In a two-page statement issued last week, Hunter said evidence collected by police established that Banister was committing an aggravated robbery, which is a felony involving violence or force.

“Therefore, Bishop was justified under (Arkansas Code Statute) 5-2-607 in using deadly physical force,” Hunter said in the statement.

Hunter said he based his decision on the investigative file, evidence and witness statements collected by police.

“If there were things that I thought needed to be done, I’m sure the police department would have done them,” he said.

Friday morning, Sheila Banister said she was not satisfied with the investigation by Pine Bluff police, and felt there was a “conflict of interest,” because Bishop’s father is a former police officer. Her husband, Vincent Banister, went further, saying “the young man’s daddy was a former cop and police all cover up for one another.”

Sheila Banister also said she had looked at the police report and there “were holes in it.”

“Number one, there were no fingerprints on the gun,” she said. “He admitted using the gun to kill my daughter.

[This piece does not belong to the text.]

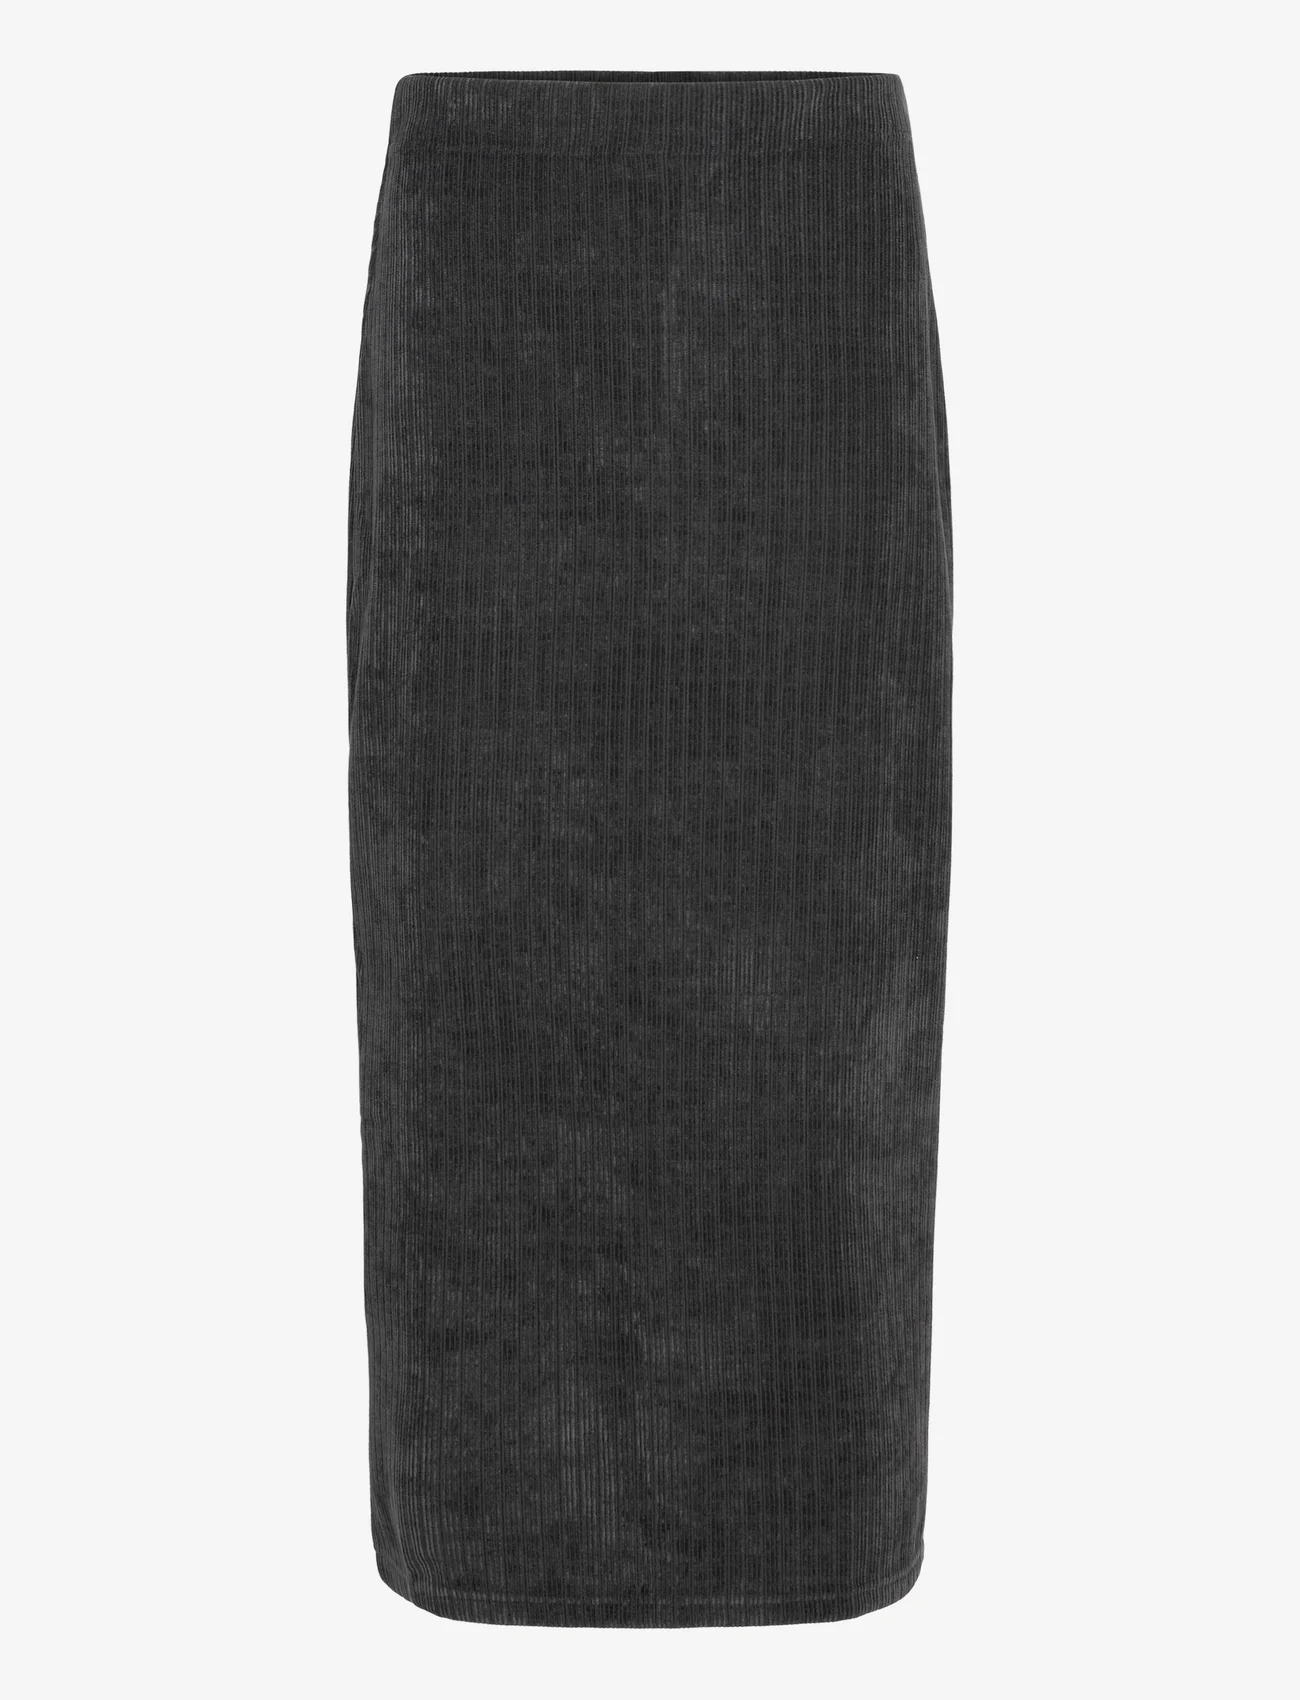 Résumé - VivienneRS Skirt - maxi nederdele - charcoal - 0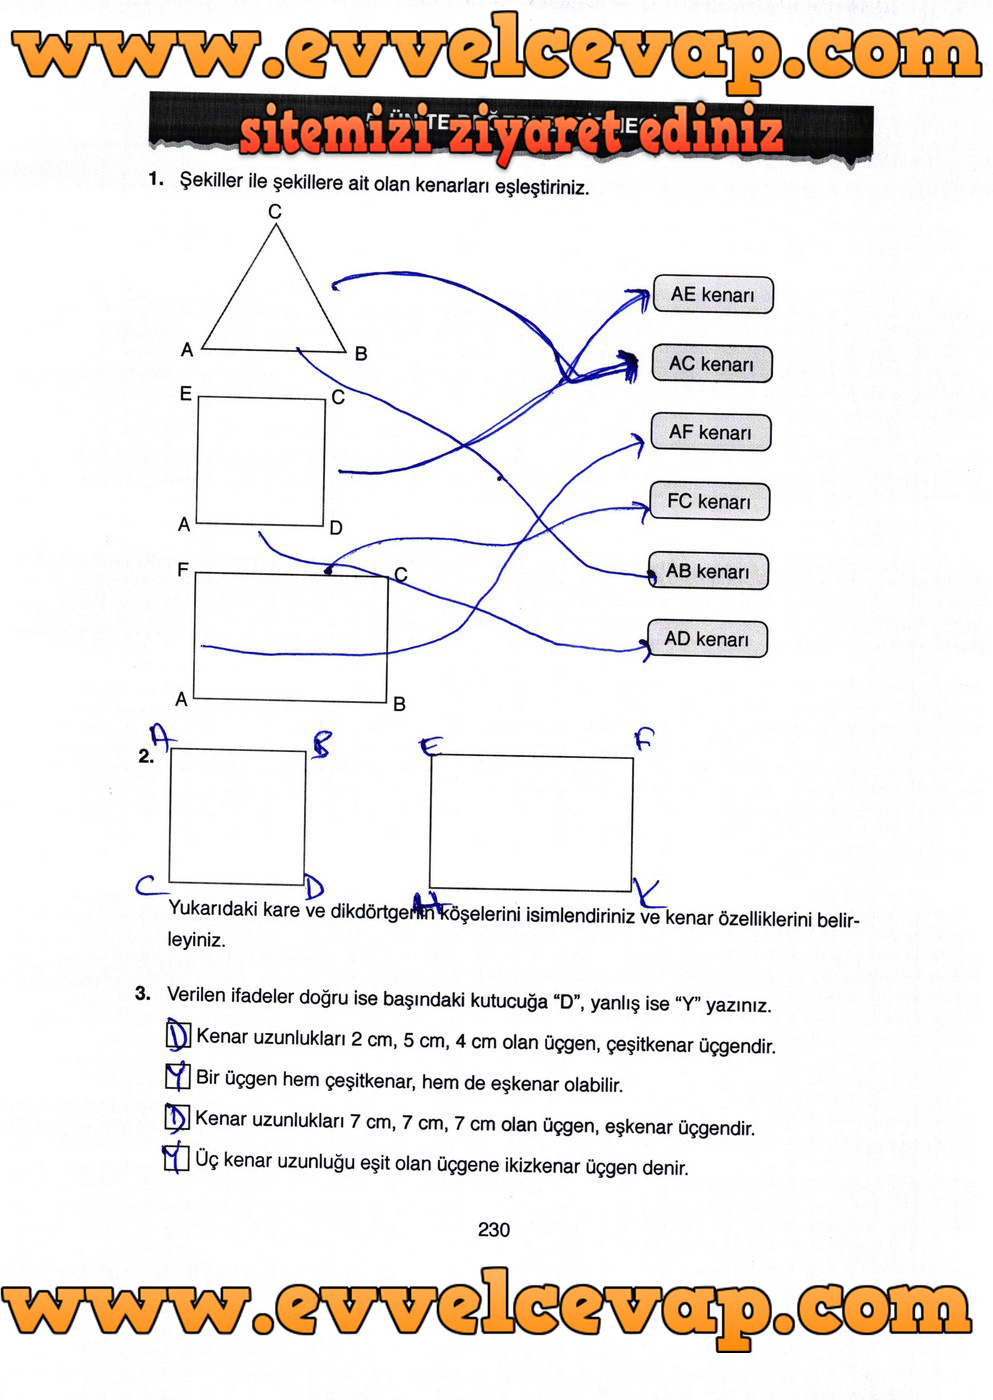 4. Sınıf Ata Yayıncılık Matematik Ders Kitabı Sayfa 230 Cevabı

Why were there no fingerprints?”

Sheila Banister also said she believes material was left out of the investigative file, including an interview with Tashara Banister’s roommate, who allegedly told police that Bishop had been to their residence to buy drugs and picked up Banister the night she was killed.

“There are still things that have not come out,” Sheila Banister said, adding that she thinks her daughter was “stereotyped.”

Tashara Banister was black. Bishop, then 20, is white.

In his statement, Hunter said Bishop called Banister on June 26, 2012, and arranged to meet her to buy cocaine. One of Banister’s sisters confirmed that call and Banister told the sister to “take me to hit this lick.”

“According to Bishop, when Banister got in his truck, she pulled out a gun, demanded his wallet and money and directed him to an ATM at Simmons Bank on West 28th Street,” Hunter said. “While leaving the initial location, Banister saw her sisters in another car and motioned for them to follow.

“Bishop pulled up to the ATM as directed and attempted to withdraw cash, even though he had no money in the bank,” Hunter said. “While at the ATM, Banister placed the gun on the seat as she went through Bishop’s wallet. Bishop grabbed the gun and a struggle ensued for the gun as Banister leaned across the driver’s side of the truck, grabbing the wrist of Bishop and forcing him out the driver’s side window. The truck began to roll forward and during the struggle over the gun, Bishop fired the gun four times, striking Banister three times and killing her.”

As to Hunter’s statement that Banister was attempting to rob Bishop when she was shot, Vincent Banister said “she didn’t have to rob nobody. Any time she wanted something she came to me.”

Vincent Banister also complained that while Detective Jerry Lambert (who is black) worked on the case, “there were also white detectives who worked on the case.”

“She’s dead and can’t talk and they got what they wanted,” he said.

Sheila Banister also questioned how her daughter could have been shot on the right side when she was in the passenger seat of Bishop’s truck.

“Kyle Hunter is not looking at this like I am,” she said. “I think we deserve a second opinion.”

“This is a long way from being over,” she said. “I’m a mother who is trying to seek justice for her daughter and get Ryan Bishop prosecuted to the fullest extent of the law.”

Vincent Banister said the family is “going to continue until we get answers.”